The Reg has selected five such examples that we think are the most compelling for our purposes from the field of maths. Over the next few weeks we shall be looking at them from a high level to discover how they can potentially enhance and add value to what you do.
The five we will be looking at are:
- Benford’s Law: Numbers can be distributed in very unintuitive ways. Most fraudsters don’t understand that so their frauds can stick out like a sore thumb – as long as you know about Benford’s work.
- The German Tank Problem (and its solution): This can let you to estimate data that people don’t want you to have.
- Nyquist–Shannon sampling theorem: Now this does sound obscure because it is about the minimum sampling rate of a continuous wave, but in practice it will tell you how frequently you need to collect that big data from sensors like smart meters.
- Simpson’s paradox: If you don’t know about it, one day it will bite you.
- Monte Carlo simulations: One of the best and yet least-used tools in a data scientist tool box. They let you solve problems that probability calculations simply can’t touch.
For each one I’ll first give you a type of problem that can arise and then show you why the theorem helps to solve it. No difficult sums will be harmed in the making of this series.

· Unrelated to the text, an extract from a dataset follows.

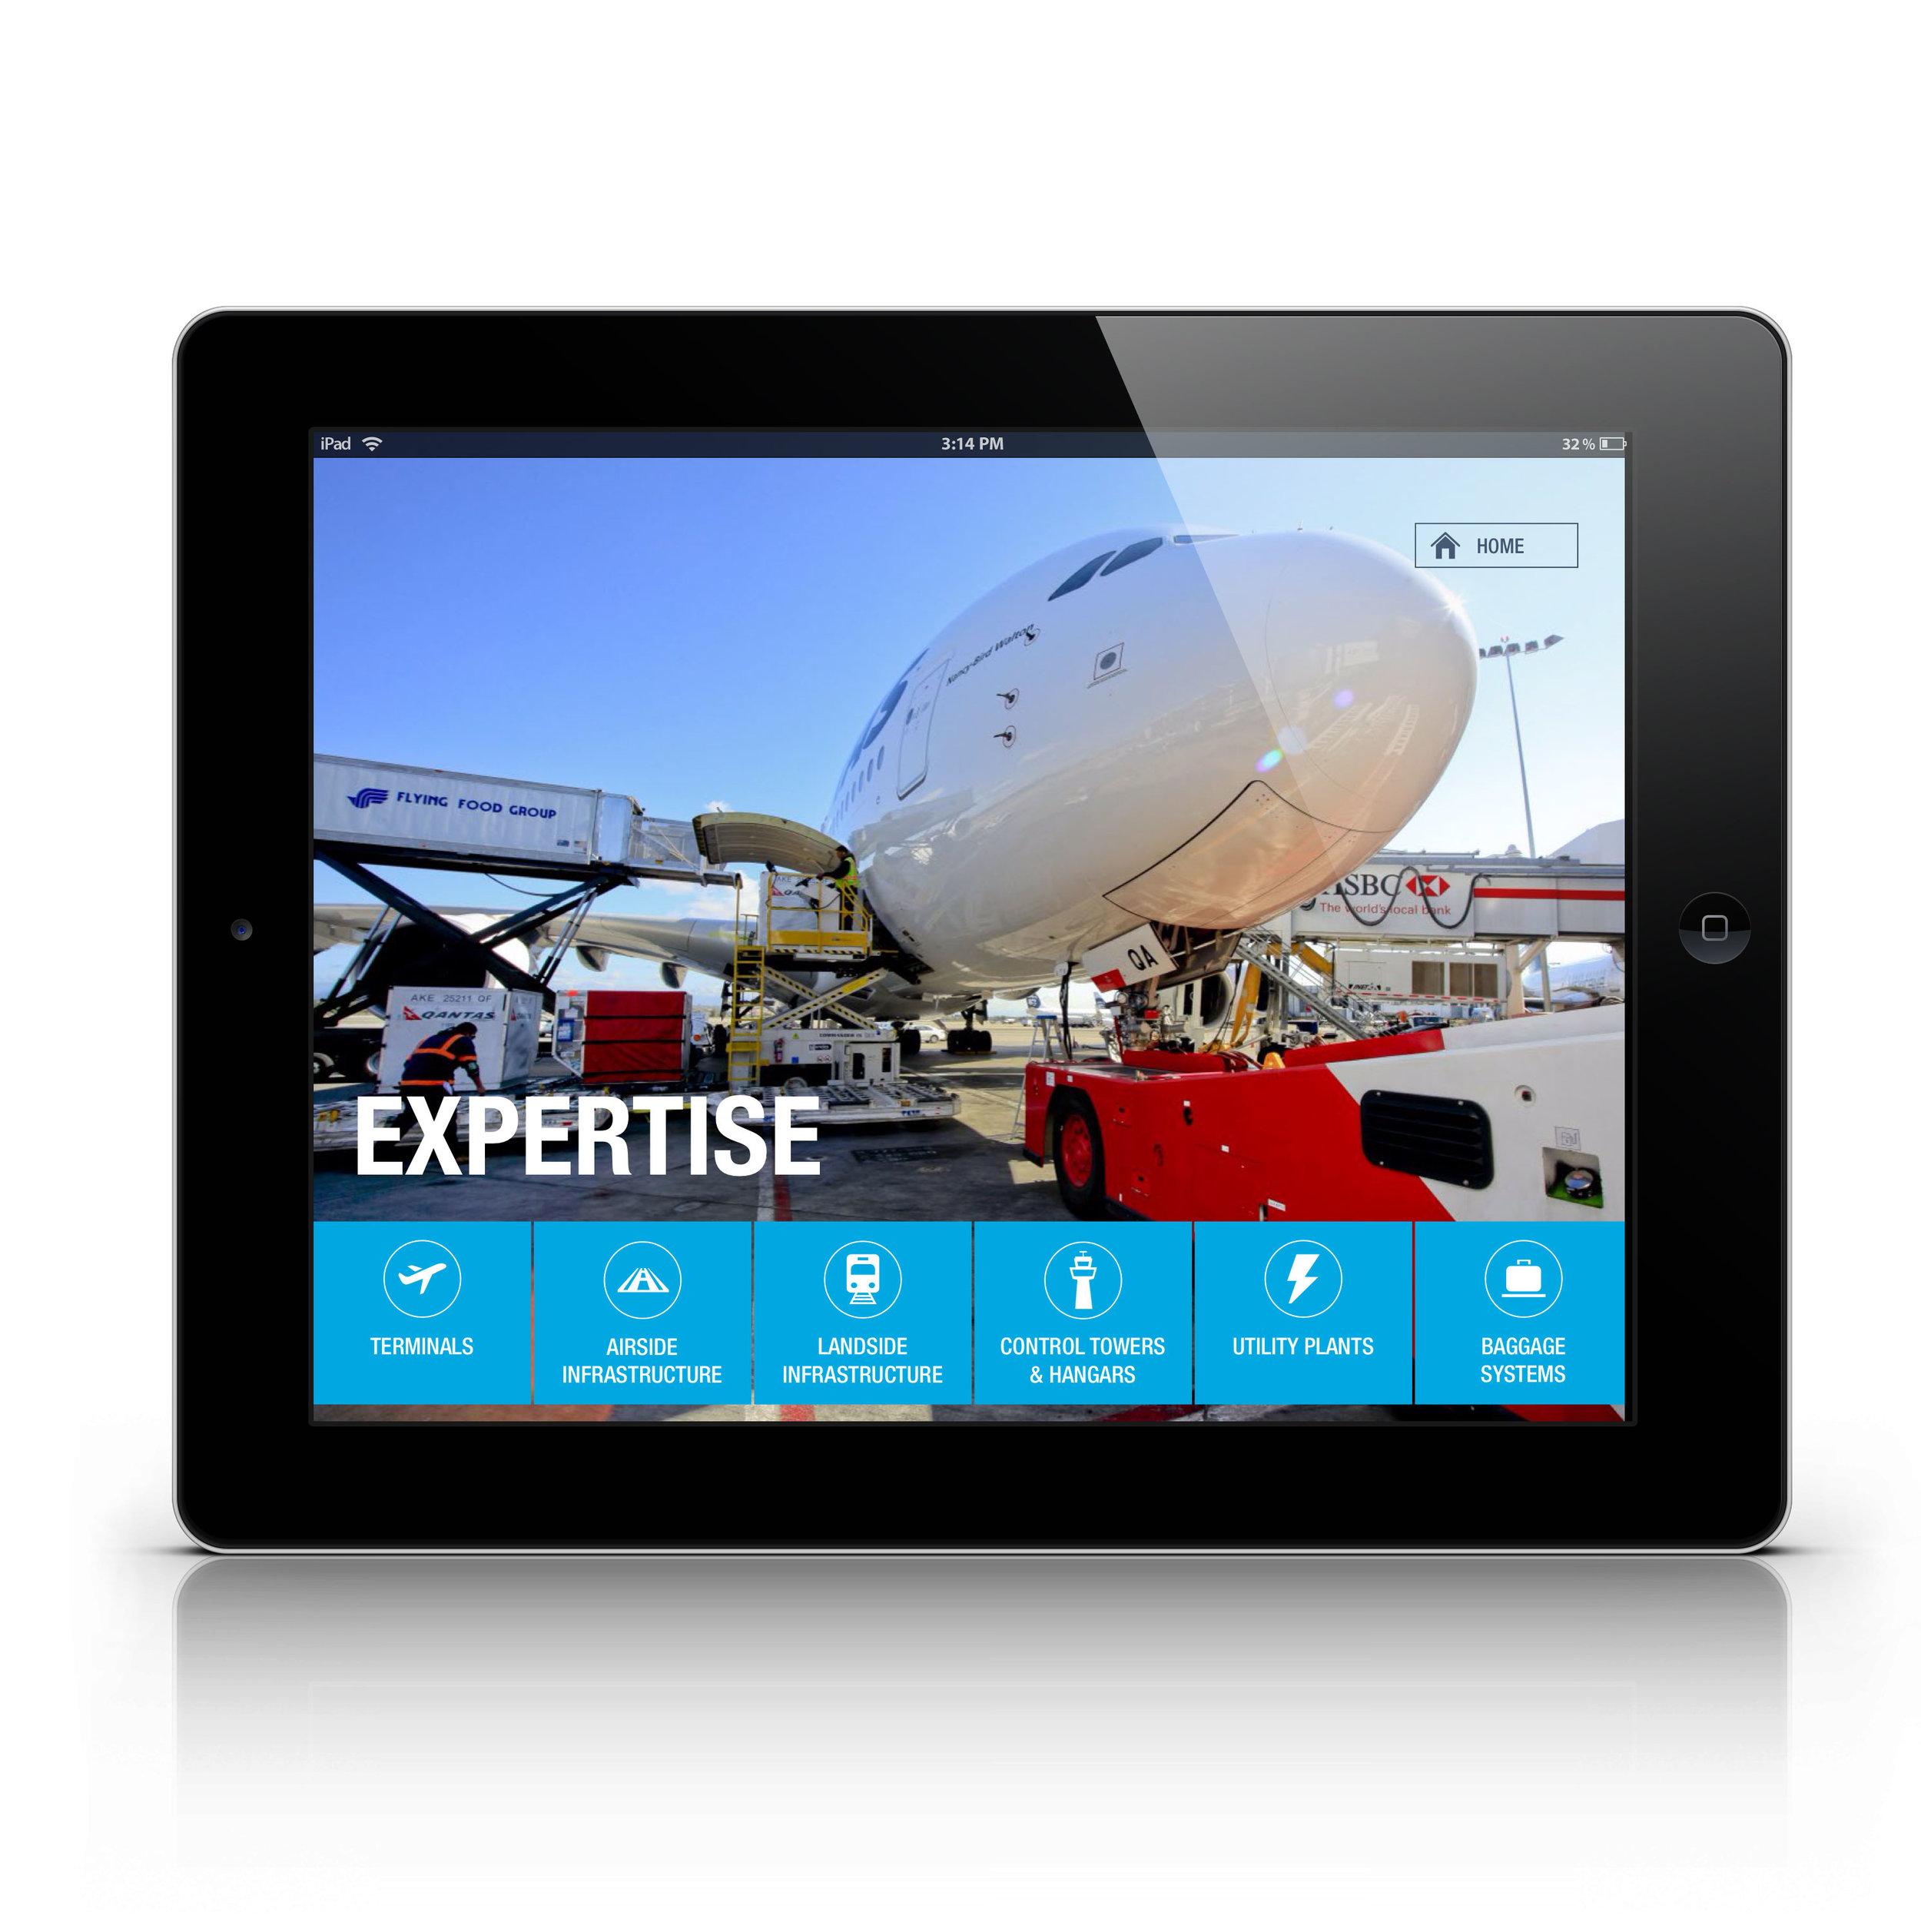 4clark-iPad-Landscape-Retina-Display-Mockup.jpg
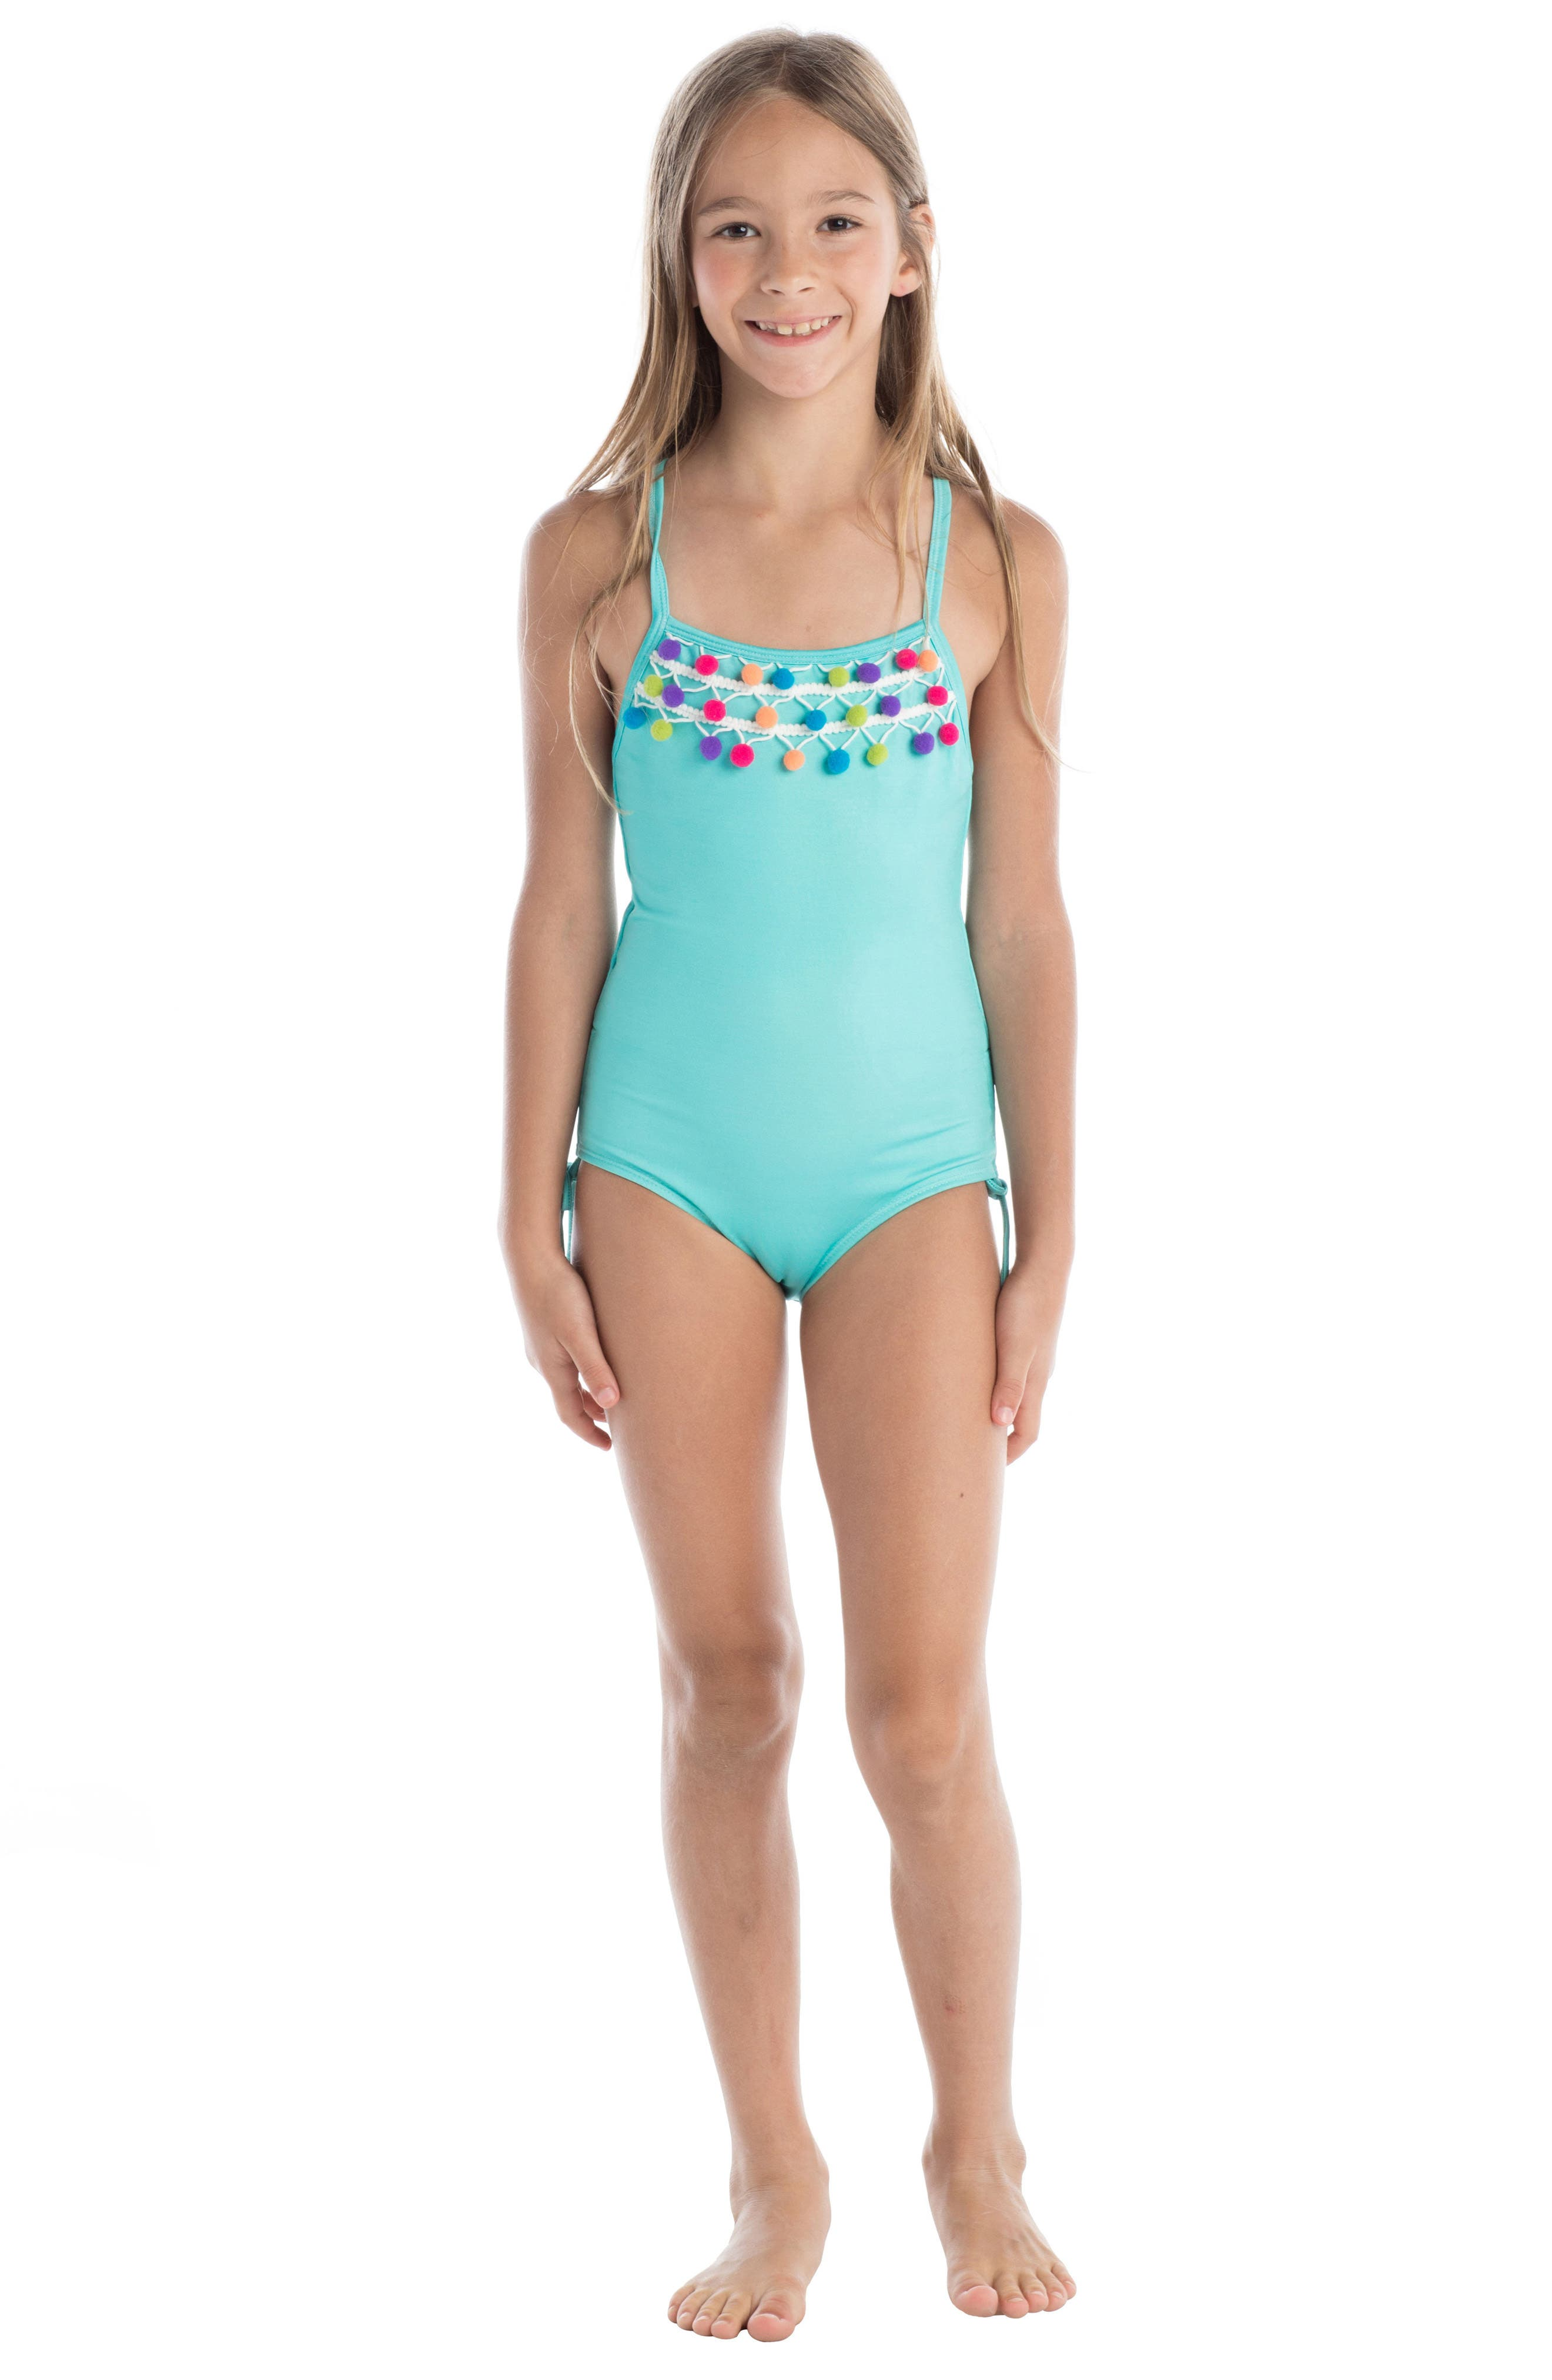 Pompom One-Piece Swimsuit,                             Alternate thumbnail 2, color,                             400

So there you are, working with sales data and you have been given the job of detecting fraudulent transactions. A huge number of transactions are in the system and you have reason to believe that those originating from a particular country and credited to a particular sales person (J Smith) are fraudulent.
Your colleague: “OK, let’s check the mean and standard deviation of the transactions we suspect against those of the rest. Hmmm. No significant difference. Maybe we were wrong about poor old J Smith. She is kind to cats after all, she has about 12 rescued moggies that she looks after; perhaps we should look elsewhere for the evil perp.”
You: “Fair enough, but let’s do one more check. Take the value of all of the suspect transactions...
... and select just the leading number from each value:
Then, count the number of ones, the number of twos and so on (up to nine) and plot these as a frequency distribution.”
Your colleague: “OK, if it makes you happy, but you owe me a pint if this doesn’t show anything.”
Later that same day.
Your colleague: There is no pattern here, the distribution is essentially flat. So J Smith is off the hook and you owe me a pint.”
You: “Au contraire my fine colleague, we need to find new homes for those felines and you owe me a pint.”
J Smith is about to be banged to rights... because she’d never heard of Benford’s law.
Benford’s Law (AKA First-Digit Law)
Benford comes to us courtesy of GE Research Laboratories physicist Frank Benford in the 1920s, who began looking into digital frequencies when he noticed his logarithm table books were unevenly worn. His law essentially says that the leading digits of numbers collected “from the wild” – real life – are not evenly distributed. Rather, they follow a predictable distribution where there are more ones than two, more two than threes and so on up to nine.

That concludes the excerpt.